File metadata and controls

149 lines (99 loc) · 7.39 KB

Tool versions

Tool Version Notes
Node.js 20.x Use for all Pulumi runs (npm run infra:install, GitHub Actions, local preview/up). Matches @pulumi/pulumi expectations. The repo root .nvmrc remains 16 for legacy application builds; switch with nvm install 20 && nvm use 20 (or fnm use 20) before infra work. You may see an npm EBADENGINE warning from transitive packages (for example minio); it is benign for our usage.
Pulumi CLI 3.229.0 Pin CI installs to this version; locally run pulumi version after install and upgrade to match if needed. CI uses curl -fsSL https://get.pulumi.com | sh -s -- --version 3.229.0.

Infrastructure Monorepo Layout

This directory contains the Pulumi infrastructure code migrated from the former sprocket-infra repository.

  • global/: shared Pulumi helpers, service definitions, and cross-stack references
  • foundation/: cloud infrastructure substrate such as DigitalOcean nodes, firewalls, reserved IPs, DNS, and bootstrap cloud-init
  • layer_1/: core infrastructure such as Traefik and Vault
  • layer_2/: data services, monitoring, and Vault-backed application dependencies
  • platform/: application and platform service deployment

Supported Off-Node Deployment Model

The supported deployment model is now:

  1. run Pulumi from a trusted maintainer machine or GitHub Actions
  2. authenticate to the shared Pulumi backend
  3. connect to the production tailnet with Tailscale
  4. target the manager node through DOCKER_HOST=ssh://...
  5. deploy in dependency order: layer_1, layer_2, platform

The production node should remain the workload host, not the workstation used to run source-controlled deploy commands.

Pulumi Backend

The committed Pulumi.*.yaml files in this directory are the stack configuration that used to live in sprocket-infra. Pulumi state is still stored in the configured remote backend, not in git.

Before running any stack command, log in to the same backend used before the migration:

pulumi login "s3://[your bucket]/pulumi?endpoint=[your endpoint]"

If your backend relies on AWS-style credentials for S3-compatible storage, ensure ~/.aws/credentials is configured first.

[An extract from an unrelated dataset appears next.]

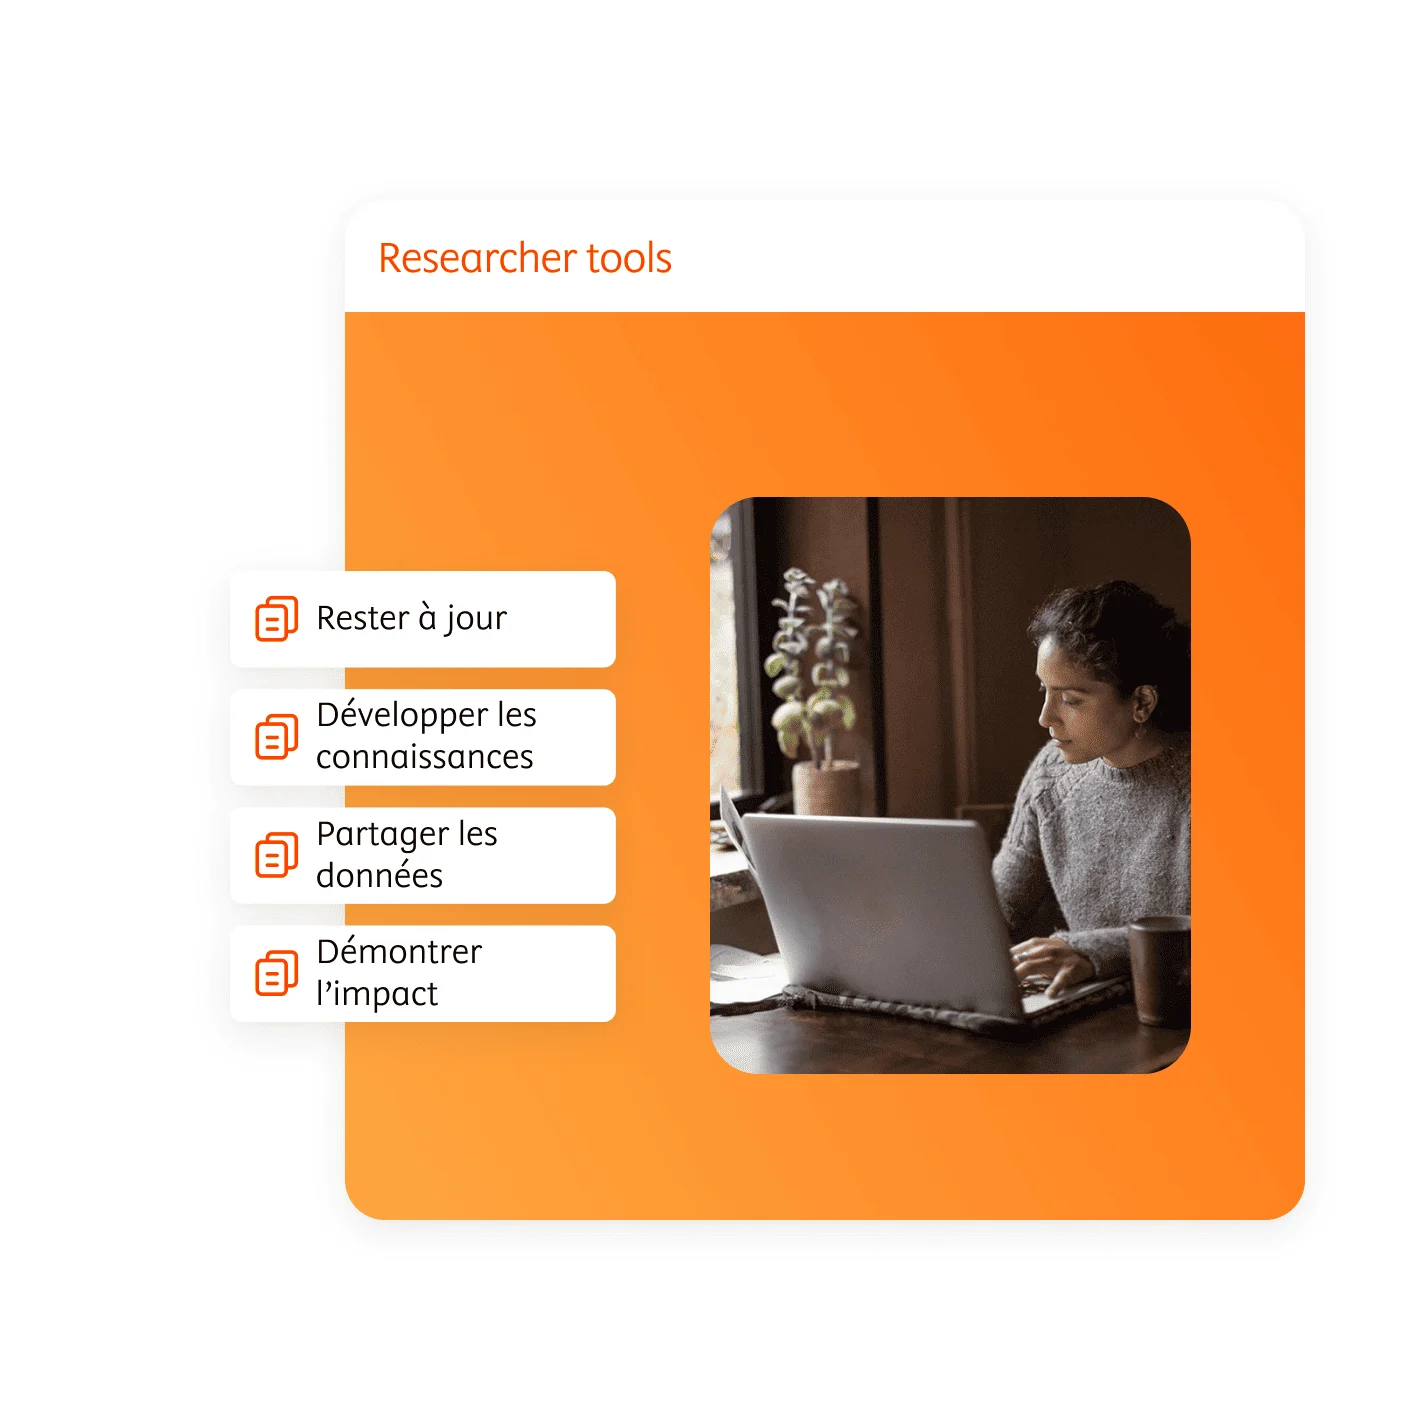 Researcher tools use cases

Before migrating deploy execution to a new machine, verify the live stack metadata and export backups:

npm run infra:install
npm run infra:backend:verify -- layer_1 layer_1
npm run infra:backend:verify -- layer_2 layer_2
npm run infra:backend:verify -- platform prod

These commands export state under infra/backups/ and record:

  • backend identity from pulumi whoami -v
  • secrets provider metadata from pulumi stack export
  • whether the local stack config still carries an encryptionsalt

Deployment Order

Bootstrap and normal deployments should continue to run in dependency order:

  1. infra/foundation
  2. infra/layer_1
  3. infra/layer_2
  4. infra/platform

infra/global is a shared local package consumed by the stack projects above.

Remote Docker Host

Preferred off-node Docker host target:

export DOCKER_HOST=ssh://deploy@sprocket-prod

If you prefer to derive it from the helper scripts instead of exporting it directly:

export PULUMI_REMOTE_DOCKER_USER=deploy
export PULUMI_REMOTE_DOCKER_HOST=sprocket-prod

Canonical Command Surface

From a clean shell session:

nvm install 20
nvm use 20
npm run infra:install

export PULUMI_BACKEND_URL='s3://[your bucket]/pulumi?endpoint=[your endpoint]'
export DOCKER_HOST=ssh://deploy@sprocket-prod

npm run infra:preview -- layer_1 layer_1
npm run infra:preview -- layer_2 layer_2
npm run infra:preview -- platform prod

npm run infra:up -- platform prod --yes

infra:up runs a preview first unless PULUMI_SKIP_PREVIEW=1 is set.

Hosted stack → Traefik hostnames

Canonical mapping (Pulumi platform stack names, subdomains, and public hostnames) lives in infra/stack-map.yaml.

Pulumi platform stack Config platform:subdomain Example Traefik hosts
prod main sprocket.mlesports.gg, api.sprocket.mlesports.gg, rabbitMq.sprocket.mlesports.gg
dev dev dev.sprocket.mlesports.gg, api.dev.sprocket.mlesports.gg, …
staging staging staging.sprocket.mlesports.gg, api.staging.sprocket.mlesports.gg, …

Hostnames are derived in infra/platform from platform:hostname and platform:subdomain (global/helpers/buildHost.ts and Platform.ts). The dev lane now uses dedicated layer_1/dev, layer_2/dev, and platform/dev stacks on the foundation-managed dev-staging node.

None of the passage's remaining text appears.